If we want to add in the price with tax for each line, we’ll need to look at two columns: `Price` and `Is taxed?`.

If `Is taxed?` is `Yes`, then we’ll want to multiply `Price` by 1.075 (for 7.5% sales tax).

If `Is taxed?` is `No`, we’ll just have `Price` without multiplying it.

We can create this column using a lambda function and the keyword `axis=1`:

```python
df['Price with Tax'] = df.apply(lambda row:
     row['Price'] * 1.075
     if row['Is taxed?'] == 'Yes'
     else row['Price'],
     axis=1
)
```

## Renaming Columns

When we get our data from other sources, we often want to change the column names. For example, we might want all of the column names to follow variable name rules, so that we can use `df.column_name` (which tab-completes) rather than `df['column_name']` (which takes up extra space).

You can change all of the column names at once by setting the `.columns` property to a different list. This is great when you need to change all of the column names at once, but be careful!
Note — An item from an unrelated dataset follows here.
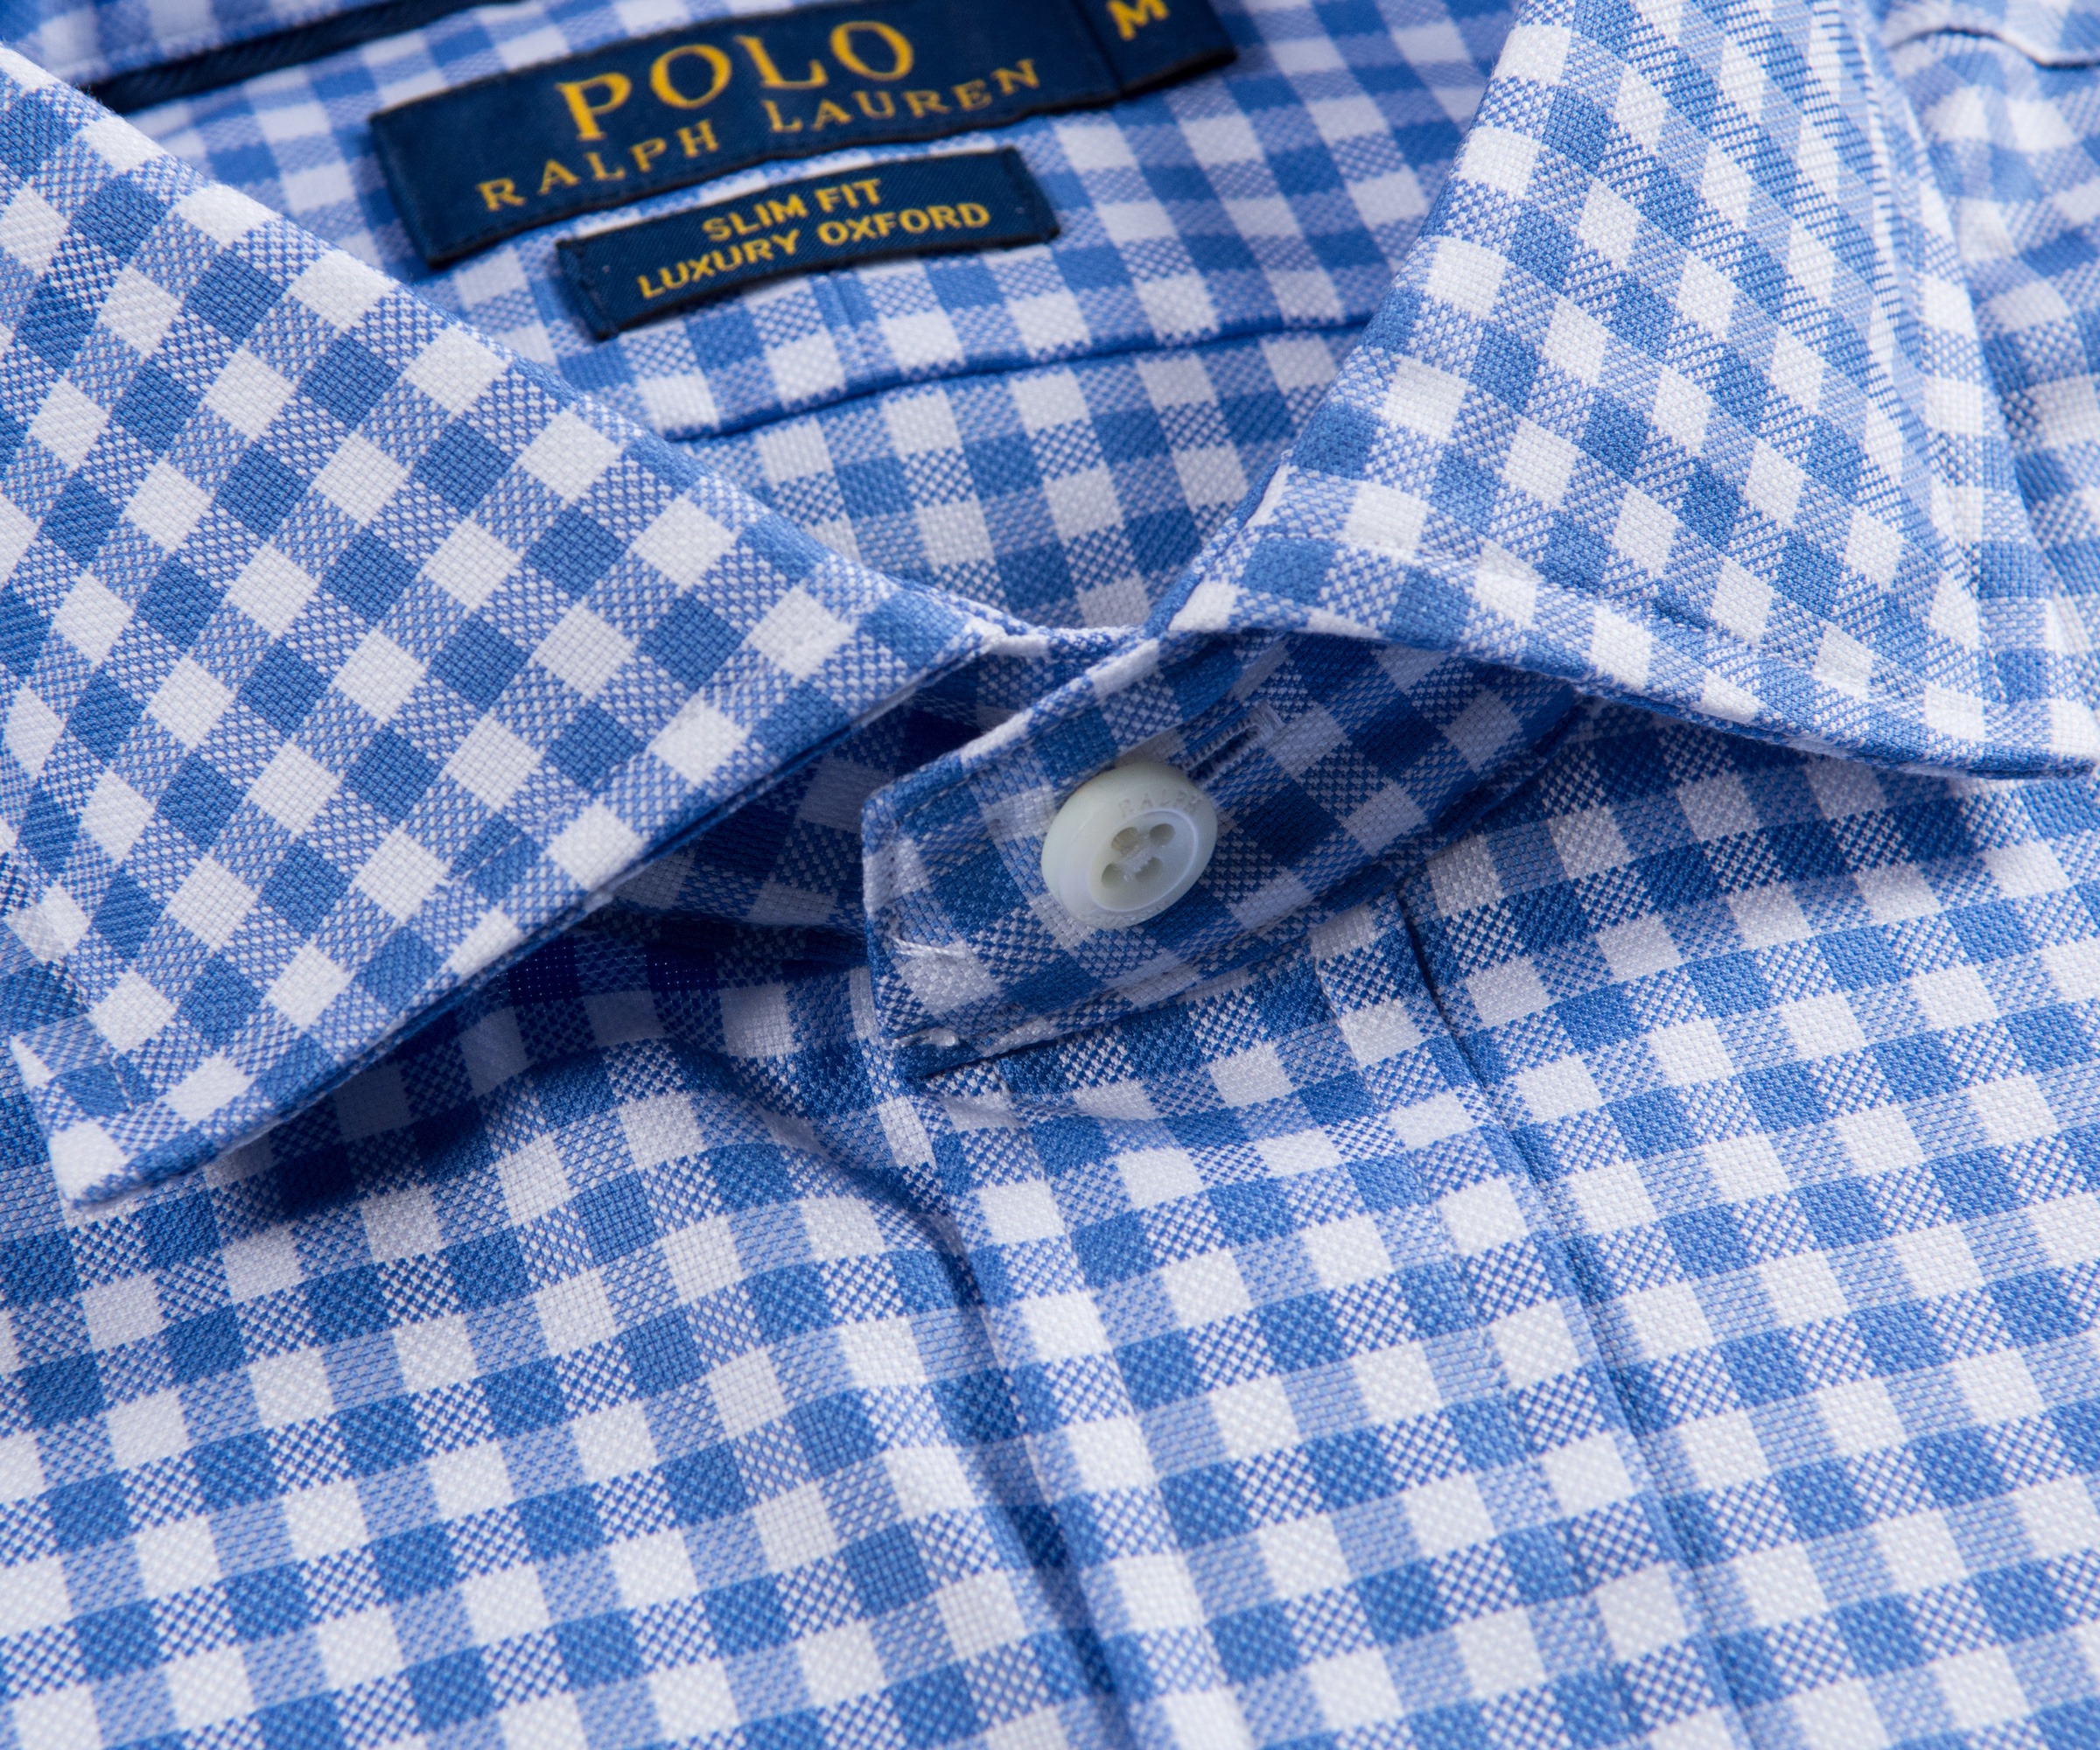 Polo Ralph Lauren Slim Fit Luxury Oxford Gingham Check Shirt Blue & White

You can easily mislabel columns if you get the ordering wrong. Here’s an example:

```python
df = pd.DataFrame({
    'name': ['John', 'Jane', 'Sue', 'Fred'],
    'age': [23, 29, 21, 18]
})
df.columns = ['First Name', 'Age']

```

This command edits the **existing** DataFrame `df`.

## Renaming Columns II

You also can rename individual columns by using the `.rename` method. Pass a dictionary like the one below to the `columns` keyword argument:

```python
{'old_column_name1': 'new_column_name1', 'old_column_name2': 'new_column_name2'}
```

Here’s an example:

```python
df = pd.DataFrame({
    'name': ['John', 'Jane', 'Sue', 'Fred'],
    'age': [23, 29, 21, 18]
})
df.rename(columns={
    'name': 'First Name',
    'age': 'Age'},
    inplace=True)
```

The code above will rename `name` to `First Name` and `age` to `Age`.

Using `rename` with only the `columns` keyword will create a **new** DataFrame, leaving your original DataFrame unchanged. That’s why we also passed in the keyword argument **`inplace=True`**. Using `inplace=True` lets us edit the original DataFrame.

There are several reasons why `.rename` is preferable to `.columns`:

- You can rename just one column
- You can be specific about which column names are getting changed (with `.column` you can accidentally switch column names if you’re not careful)

**Note:** If you misspell one of the original column names, this command won’t fail. It just won’t change anything.